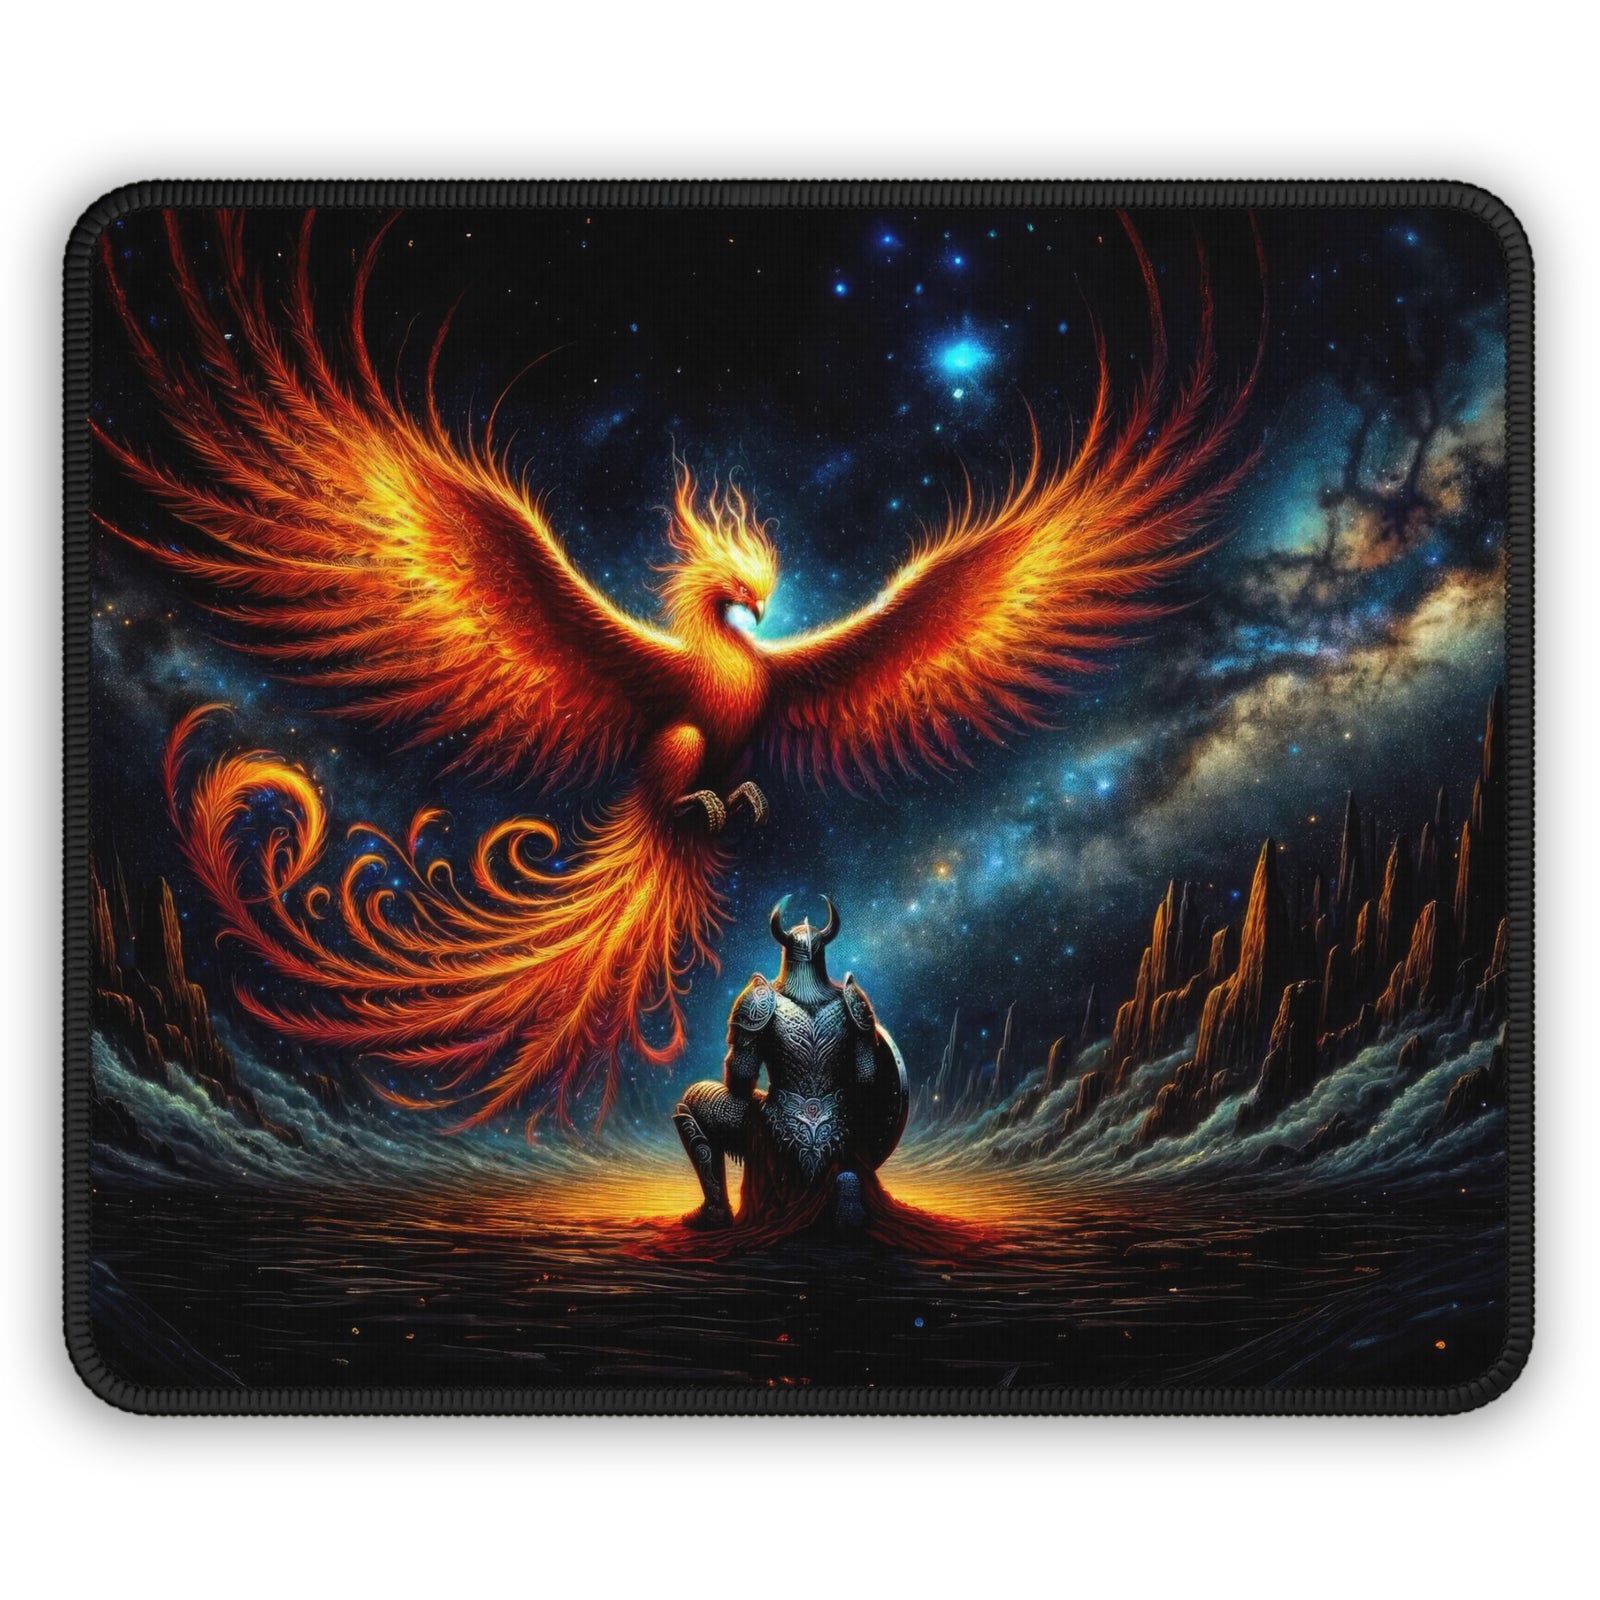 The Cosmic Rebirth of the Phoenix and the Watcher Gaming Mouse Pad
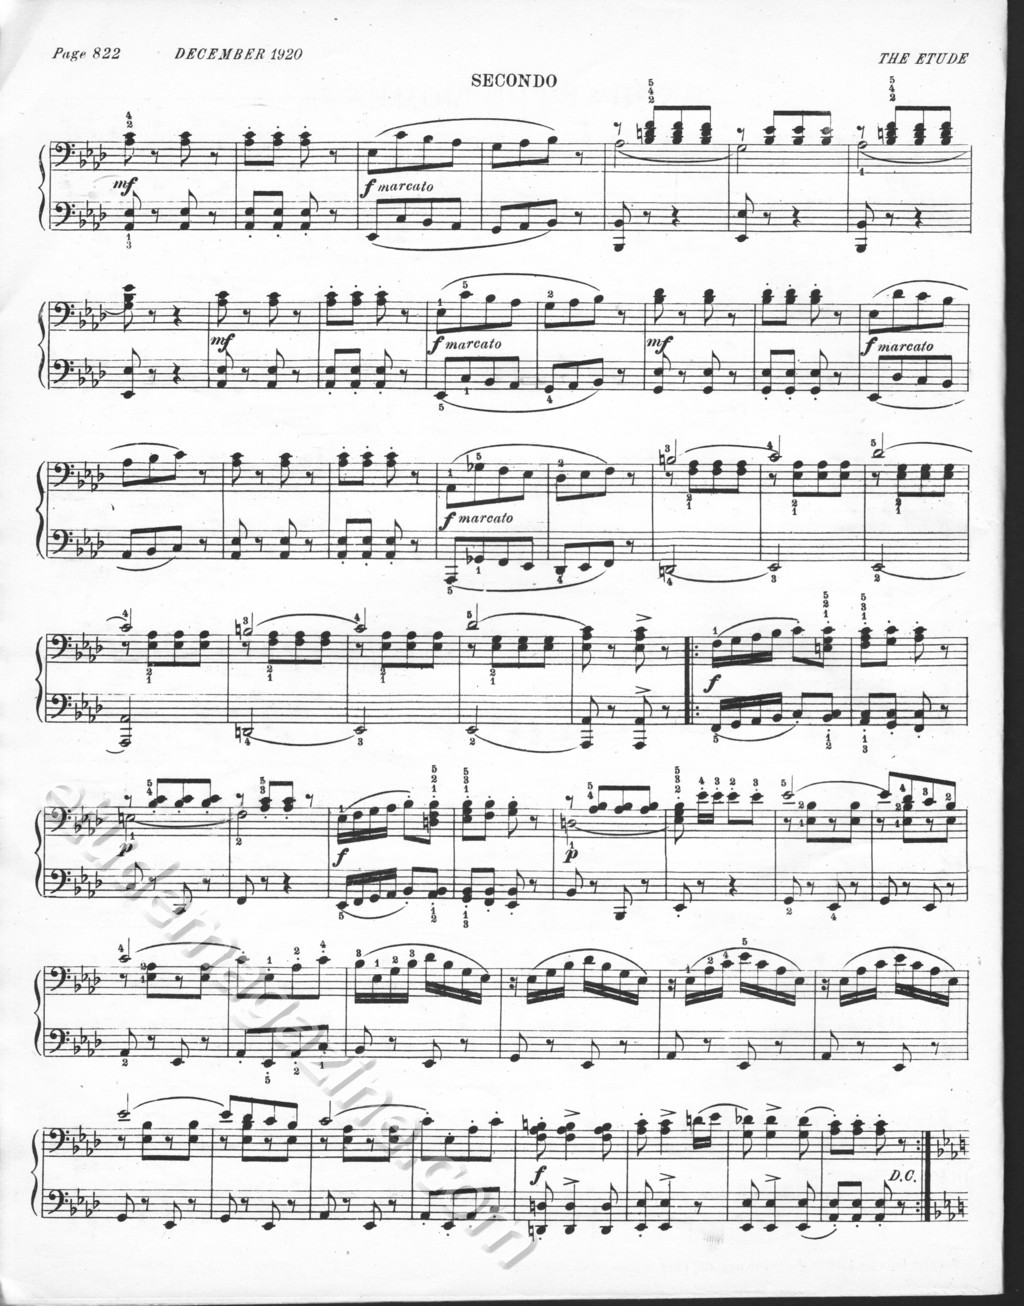 Enchanted Moments (Polka Caprice), for piano 4-hands. Adam Geibel.
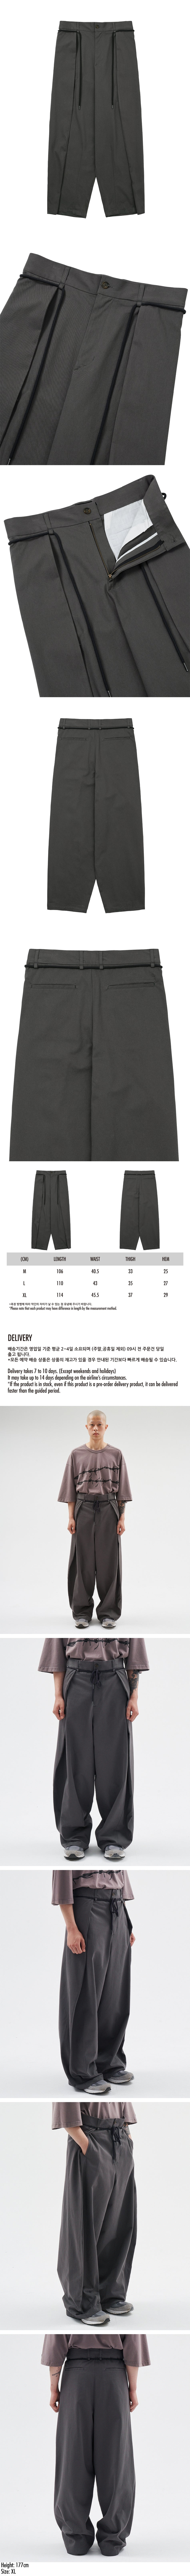 One Tuck Oversized Cotton Pants (CHARCOAL)

######

▶ _Directions_:
Starting with the line that holds "Enchanted Moments (Polka", reproduce exactly each line up to and including the last line of the material above, and drop the pictures.

▶ _Finished task_:
 Enchanted Moments (Polka Caprice), for piano 4-hands. Adam Geibel.
 One Tuck Oversized Cotton Pants (CHARCOAL)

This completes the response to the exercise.